Due to their past felony convictions, roughly half a million Floridians did not have the right to vote in the 2000 presidential election. If just 1 in 50 of those ex-cons had voted, and if 60 percent of them had voted Democratic, George W. Bush might be nothing more than a retired governor today. This simple calculus inspired Sasha Abramsky to examine the state laws that prevent huge numbers of largely poor and black ex-felons from voting, and which he concludes help Republicans keep winning elections.
Abramsky’s most persuasive material is his interviews with former prisoners who see voting as a way to become whole again. Given the right to return to the polling place, says a Tennessee man, “I’d probably stand there freezing. I’d stand in awe in the booth all day long.” Some rehabilitated ex-cons do get the franchise back—mostly the wealthy and educated, who have the money and savvy to navigate the maze of appeals, hearings, and applications required to get a fresh start.

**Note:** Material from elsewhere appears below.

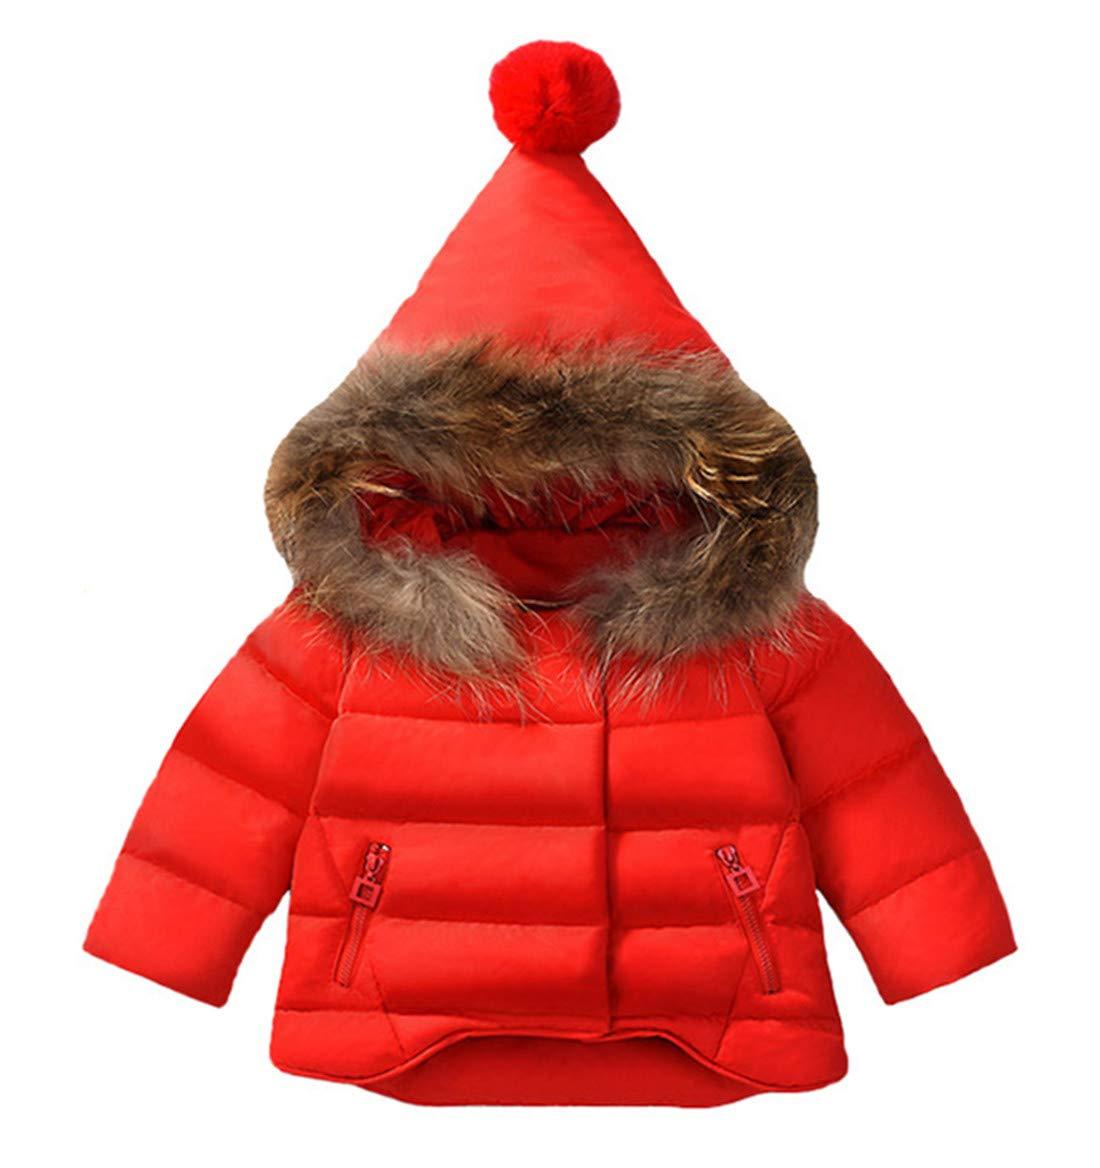 Baby Girls Thicken Coat Thermal Hooded Winter Snowsuit Waterproof Lightweight Warm Cotton Jacket Red 90 by Xuvozta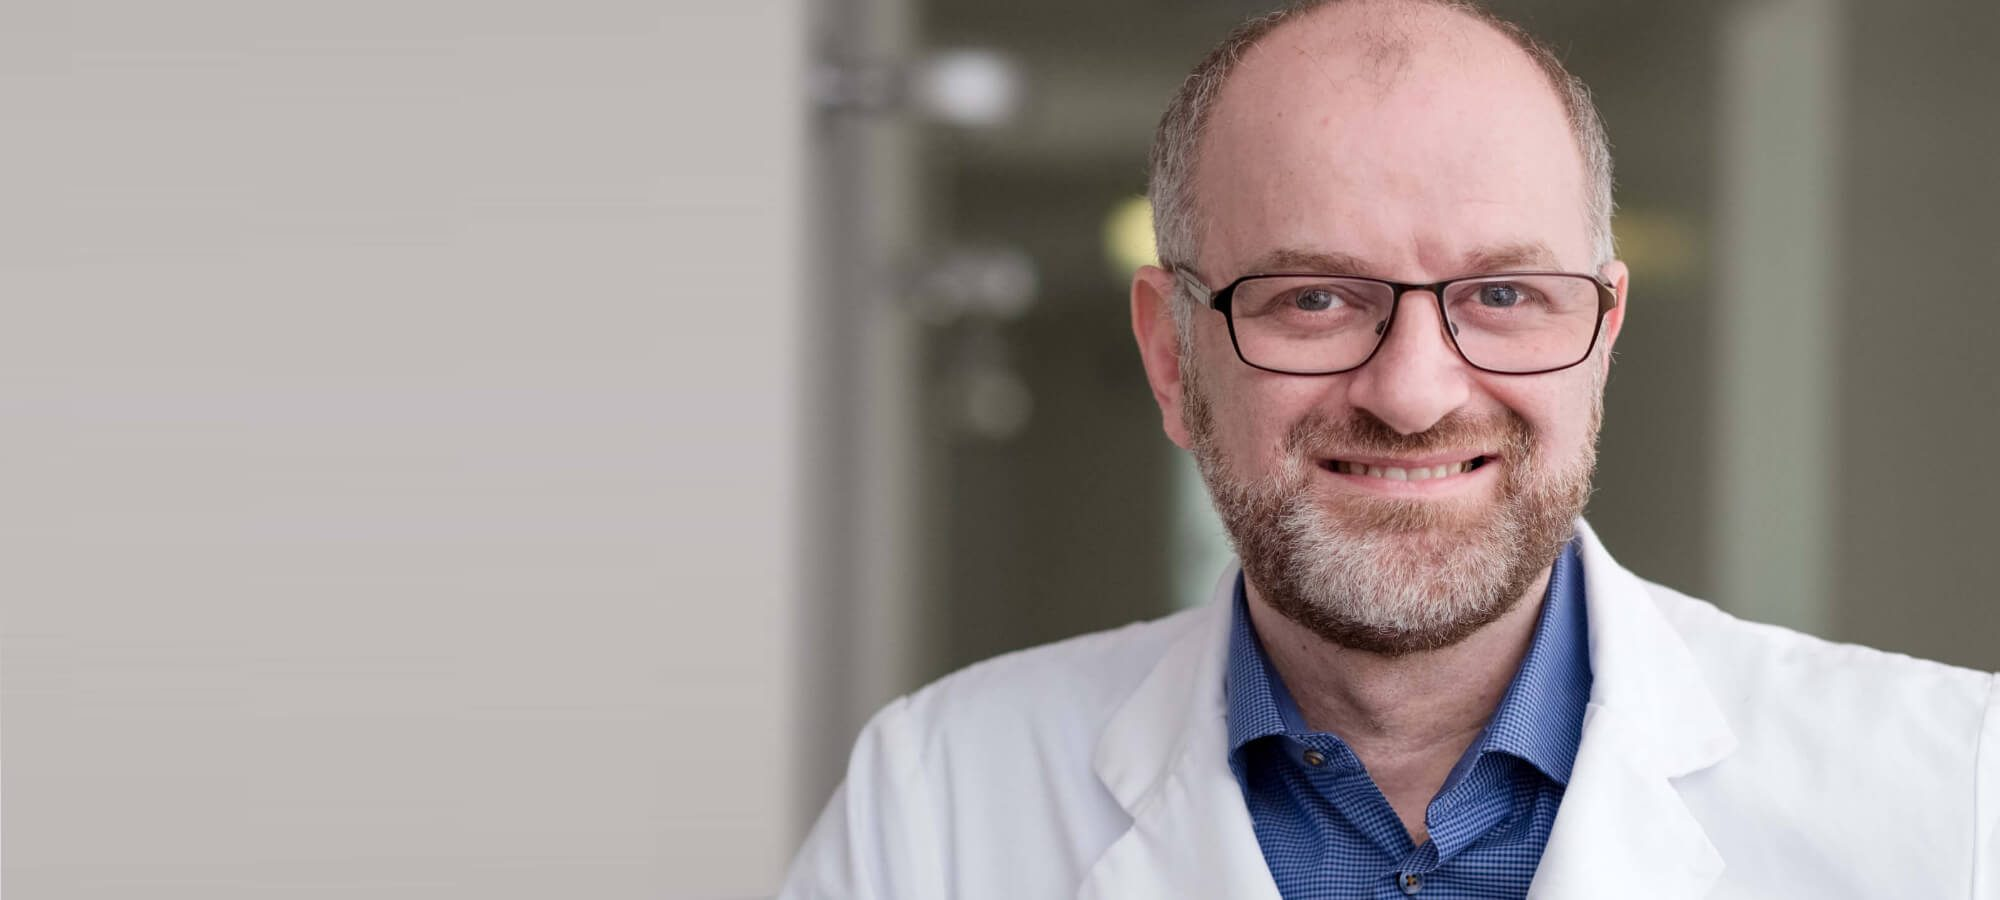 Dr. Dr. Groisman in Frankfurt | groisman & laube

But Abramsky doesn’t convincingly prove that a large percentage of ex-felons would vote if they had the chance, and, despite exceptions such as Florida in 2000, he can’t definitively show that these new voters would swing elections. The bigger issue here is not so much the political alienation of ex-cons, but a system that is good at locking people away and bad at putting them back into society. Most of the 630,000 convicts released every year live in states where employers and landlords can discriminate against them based on their rap sheets; if they’re drug offenders, they can’t get food stamps or student loans, and will probably have a hard time getting a driver’s license. Voting may be a fundamental right, but what good is it when so many cards are stacked against you?